Overview
Energy is essential to modern life, enabling heating, cooling, transportation, lighting, information, and material production. Global energy demand is projected to grow by 50 percent between 2020 and 2050, driven by billions of people in developing countries improving their living standards. The energy “trilemma” requires energy systems to provide reliable, affordable, and clean energy, but no single source satisfies all three requirements perfectly: Coal is reliable and cheap but polluting; renewables are clean and cheap but intermittent; nuclear is clean and reliable but costly. In response, a flurry of innovation has arisen to lower costs and increase reliability and availability; although research today will not affect the trilemma in the near term, it is laying the foundation for a sounder energy future in the long run.
Despite the rapid growth of renewables, hydrocarbons still supplied 86 percent of primary energy globally in 2024. Long asset lifetimes, integration challenges, and conflicting stakeholder interests impede efforts to change large, complex energy systems. Efficiency improvements can be offset by increased use. Innovation in energy must produce fuel or electricity at costs competitive with existing options. Renewables face challenges—backup generation costs, grid management issues, fire risks in battery storage, and dependence on critical imported materials—that impede rapid transition.
KEY DEVELOPMENTS
In recent years, electrical demand has surged, driven by data centers, artificial intelligence (AI) workloads, cryptocurrency mining, electric vehicles (EVs), heat pumps, and industrial reshoring, with growth exceeding 2 percent annually for three consecutive years. Forecasts anticipate a 16 to 25 percent rise over five years, straining grid capacity and necessitating new generation. Investments have been shifting from intermittent solar and wind to natural gas, nuclear, and energy storage. Nuclear power, projected to triple capacity by 2050, is increasingly being paired with digital infrastructure like AI data centers. However, supply chain risks associated with high-assay low-enriched uranium, historically imported from Russia, pose challenges. New investments aim to expand domestic enrichment capabilities. Coal is also gaining renewed policy attention and interest for its domestic availability and reliability.
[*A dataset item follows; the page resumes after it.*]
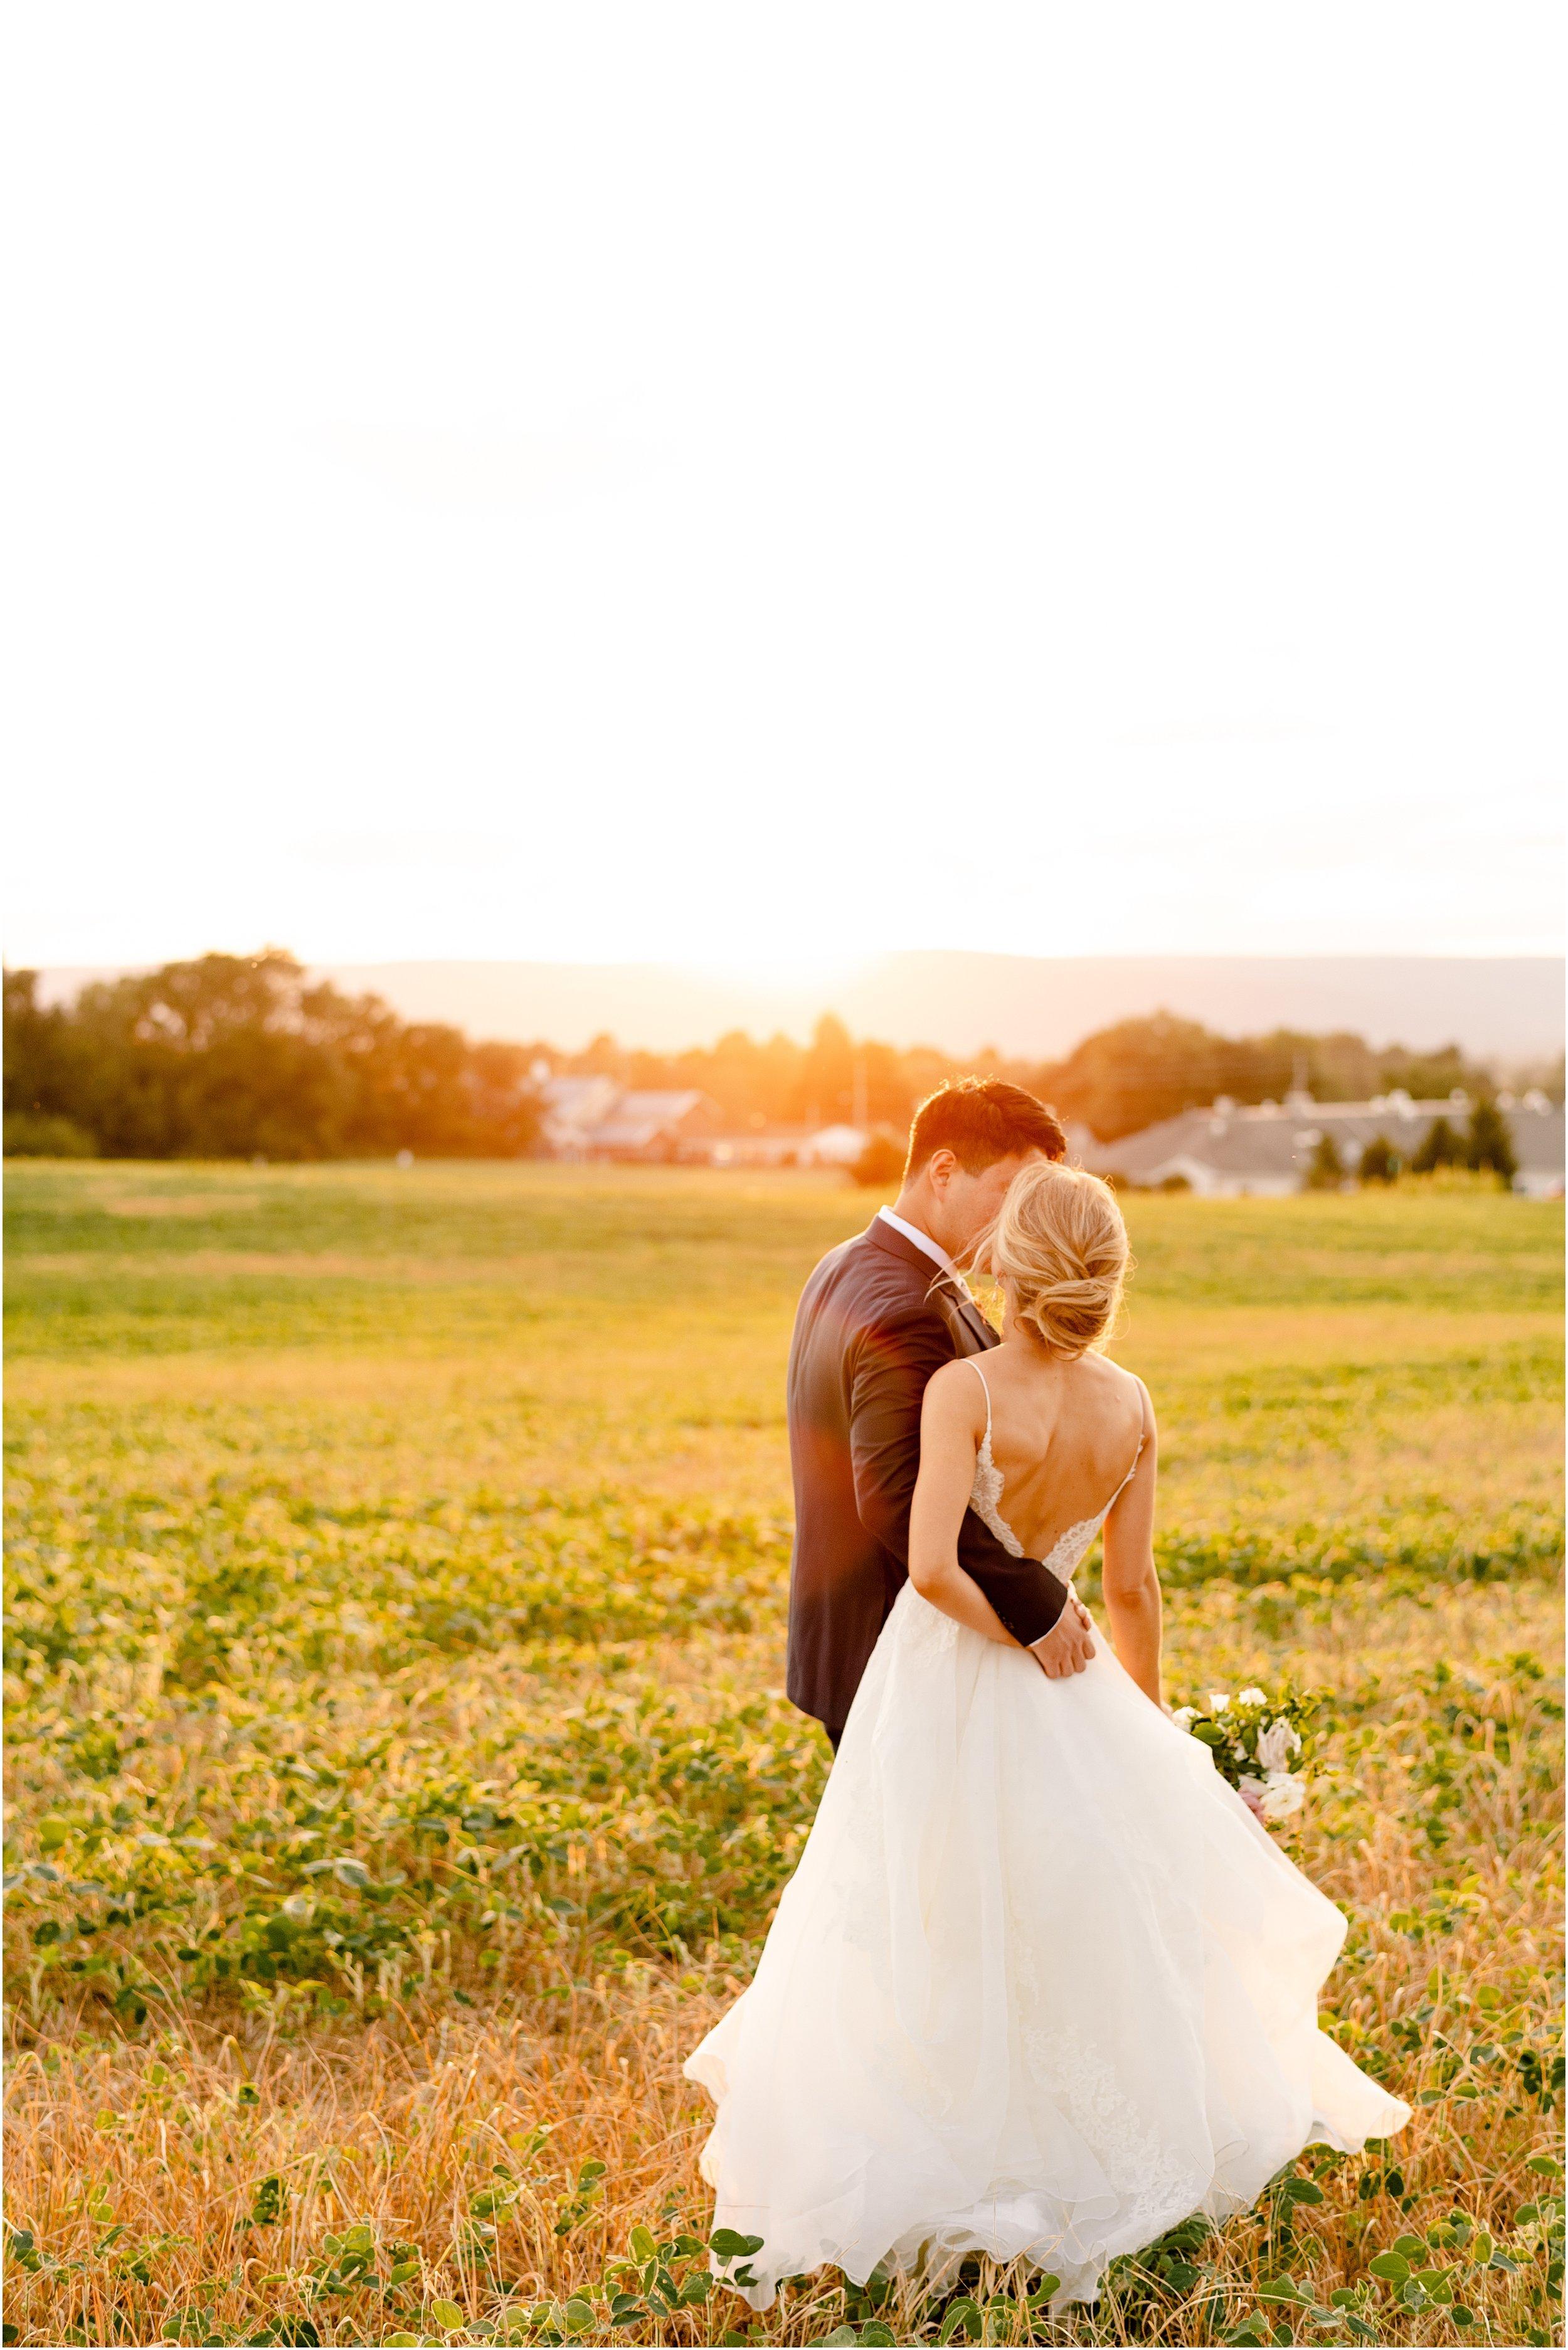 hannah leigh photography Walkers Overlook Wedding Walkersville MD_3559.jpg

These trends, many predating the current US administration, reveal a pragmatic shift toward affordable, reliable energy over rapid emissions reduction. Globally, fossil fuel consumption hit record highs in 2024 with rising carbon dioxide (CO₂) emissions, while geopolitical tensions and market dynamics weakened decarbonization-friendly policies. Despite pledges for carbon neutrality, countries like China and India continue significant coal build-outs.